Даже нянечка — вахтерша перебирала по пальцам:
— Кто? Кто? Критерий? Такого не слыхала. Тиберий Утан у нас есть. Валерий Дементьев есть. А Критерия нету, не знаю… Какой он из себя?
«Истина принадлежит человеку, заблуждение — его эпохе», — сказал кто-то из классиков. Заблуждение масс в нашем доме подкрепляется заблуждениями одиночек:
Хорошо живется, братцы,
Но одно неладно тут:
Заставляют заниматься,
Опошляют институт!
Да, главная тема всех наших дружеских эпиграмм и пародий, частушек, комических сцен и капустников — это извечная внутренняя борьба, раздирающая душу поэтов: что важнее на данном этапе, учеба иль творчество?
…Нам Парнас, нам Парнас — родимый дом.
Первым делом, первым делом — вдохновенье.
Ну, а лекции? А лекции — потом!
«Да, конечно, — размышляет в жизни иной поэт, — вдохновение — дело хорошее. Но ты-то еще не писатель, а только студент. Тебя послали учиться. Вот ты даром время и не теряй, а учись! В то же время… какая для поэзии разница, студент ты или землекоп, инженер или колхозник, если тебе сейчас, сию секунду, немедля надо выплеснуть на бумагу взволновавшие тебя чувства, запечатлеть в стихах образы, никому еще до тебя не пришедшие в голову? Ведь каждый уже испытал на себе, что „строчки с кровью убивают, нахлынут горлом и убьют!“».
|
Поэтому-то иногда во время занятий можно, зайдя в общежитие, увидеть завернувшуюся в одеяло Маргариту Агашину. Она лихорадочно что-то пишет на обрывках бумаги. Или в читальне натолкнуться на солидного, умудренного жизнью прозаика. Он «прогуливает» урок иностранного языка и строчит новую главу для романа. Или во время лекции обернешься назад, на «Камчатку», и видишь, как кто-то, согнувшись и стыдливо заслоняя тетрадь рукой, строчит что-то отнюдь не относящееся к земельной ренте, причем длинным столбиком.
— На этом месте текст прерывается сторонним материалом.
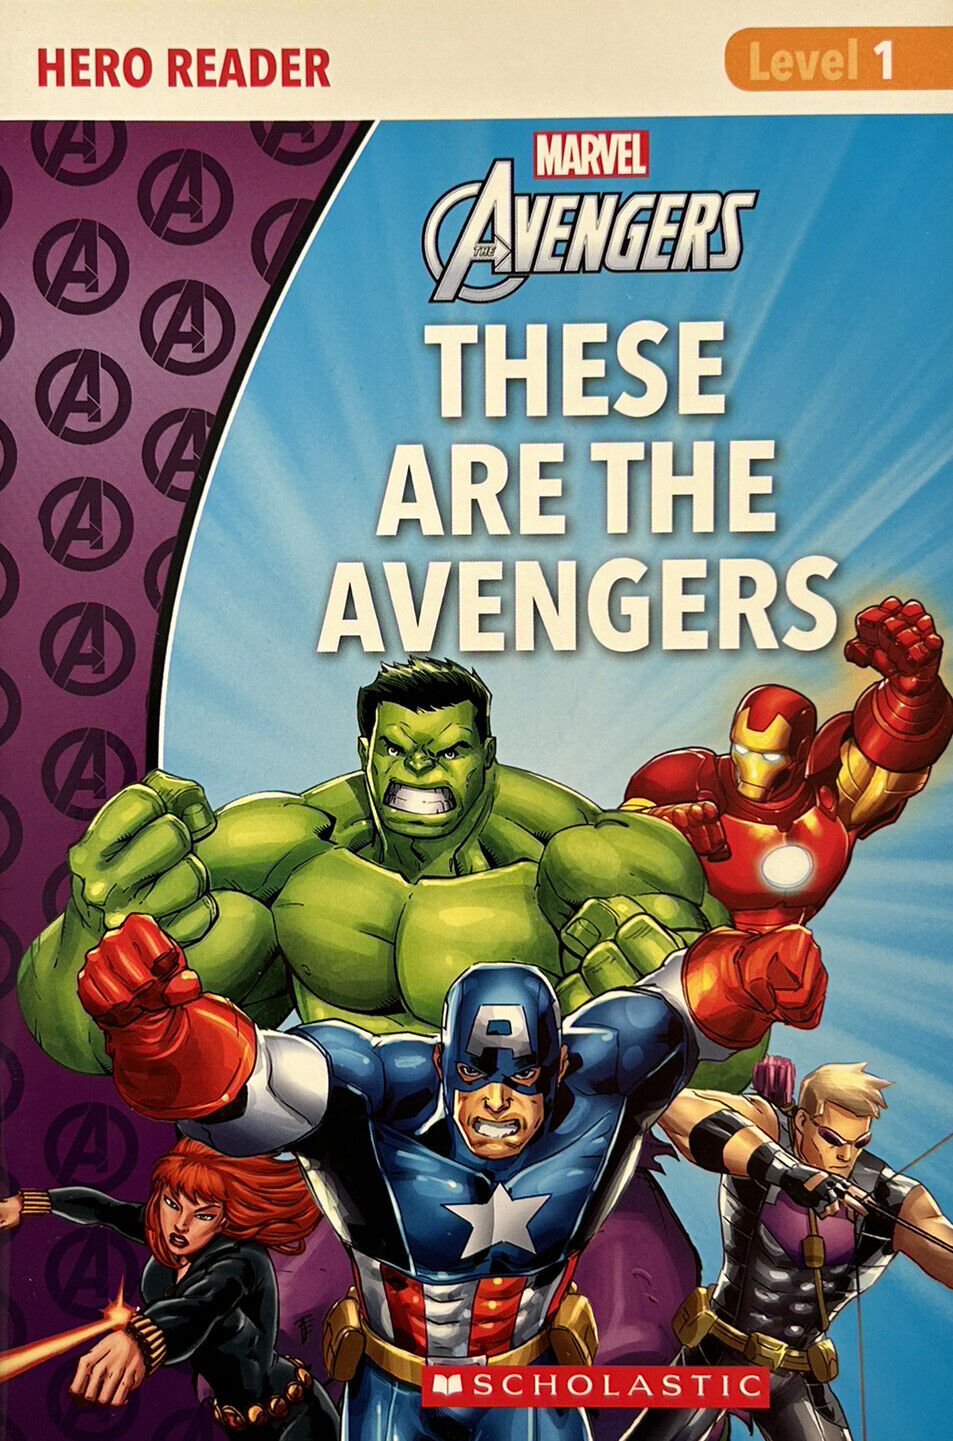 Marvel Books - AVENGERS: THESE ARE THE AVENGERS Hero Reader Level 1
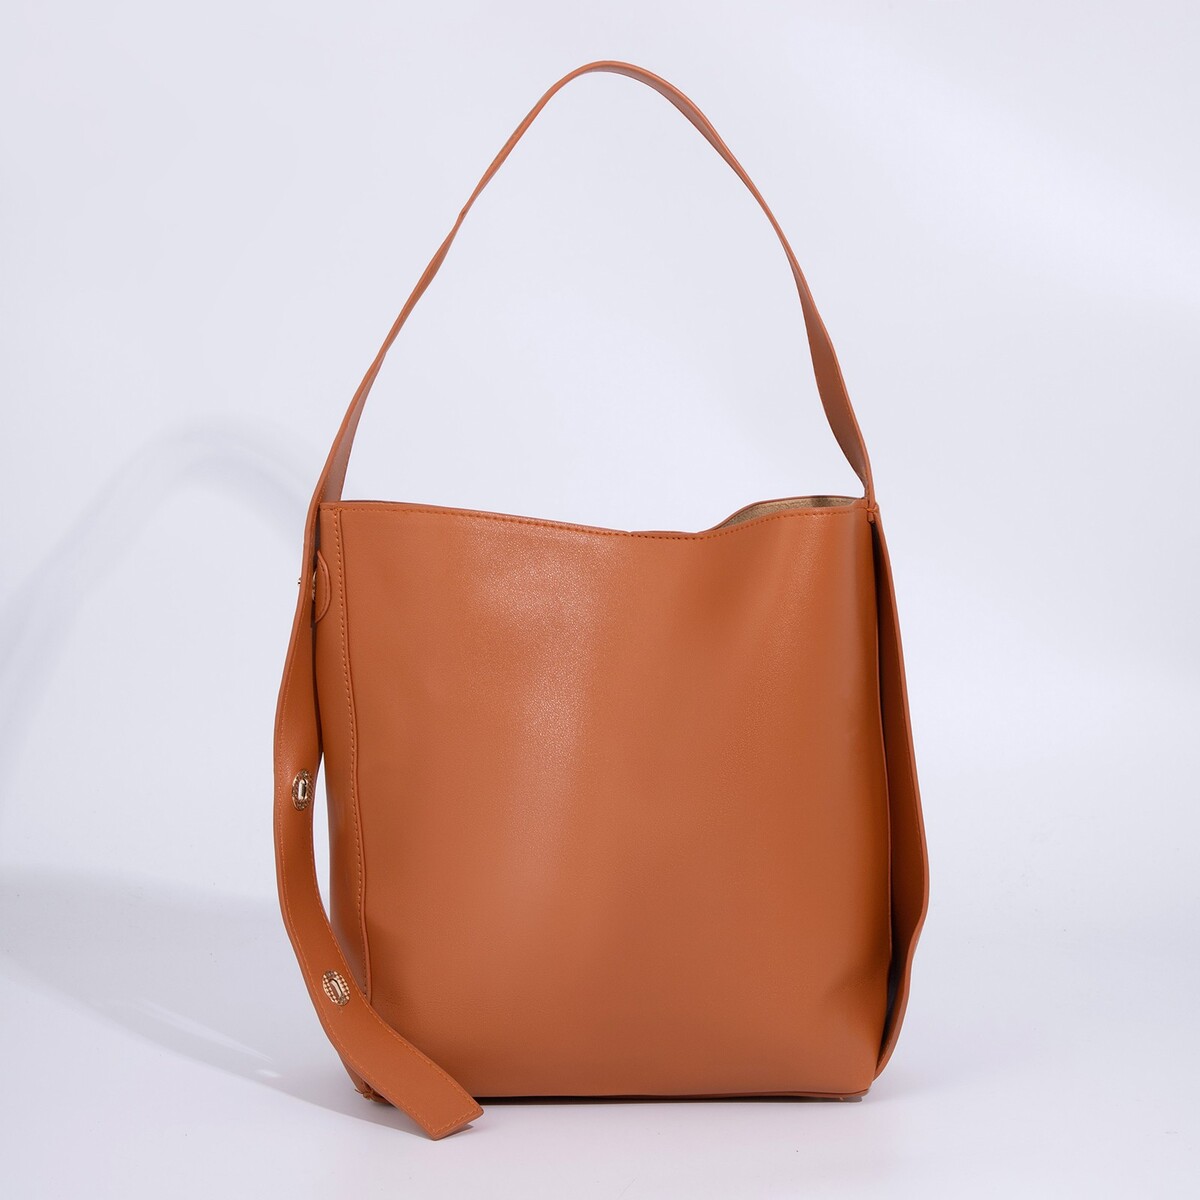 Сумка-мешок на магните, цвет коричневый сумка мешок женская на магните косметичка коричневый

Стихи, стихи!.. Искушение дьявола…
Поэт
Недавно горний дух меня сподобил
Уразуметь ничтожность дел земных.
Что лекции?.. Доклады?.. Семинары?..
К чему они? Все суета сует…
Староста курса
Какой там дух? Учись-ка диамату,
Учебничек Леонова прочти
Да лекции прослушай Шестакова!
Вторичен дух. Материя — первична!..
В поисках живой воды
Шутки шутками, а кое-кто действительно просыпается на заре с петухами и, еще лежа в постели, подложив под тетрадь учебник или словарь, пишет повесть или поэму или, подобно Миле Городецкой, сочиняет драму. Наша Мила славится тем, что, написав одну-единственную страничку текста, тут же тащит ее своему руководителю семинара, чтобы убедиться, хорошо ли эта страничка написана…
Мне не пишется, и я злюсь, и тоскую, не сплю по ночам. Ведь не лодырь же я, как одна наша очень талантливая поэтесса. Когда ни придешь в общежитие, она грустно лежит на кровати без дела. Или сидит в аудитории у окна. Или жарит на керогазе великолепные хрустики. Или накручивает перед зеркалом бигуди.
Говорят, лень — одна из форм неуважения к окружающим.
Но вот я умею ценить свое время и хочу писать, я весьма уважаю своих товарищей. А не пишется мне, да и только. Что тут делать?
Мне не пишется потому, что с недавних пор все не нравится. Я во всем разочаровалась. Что ни услышу — меня коробит. Что ни напишу сама — летит в печку. Какое-то странное чувство пресыщения и неудовольствия. Сижу в опустевшей аудитории после занятий неподвижно и ничего не делаю. Не хочется!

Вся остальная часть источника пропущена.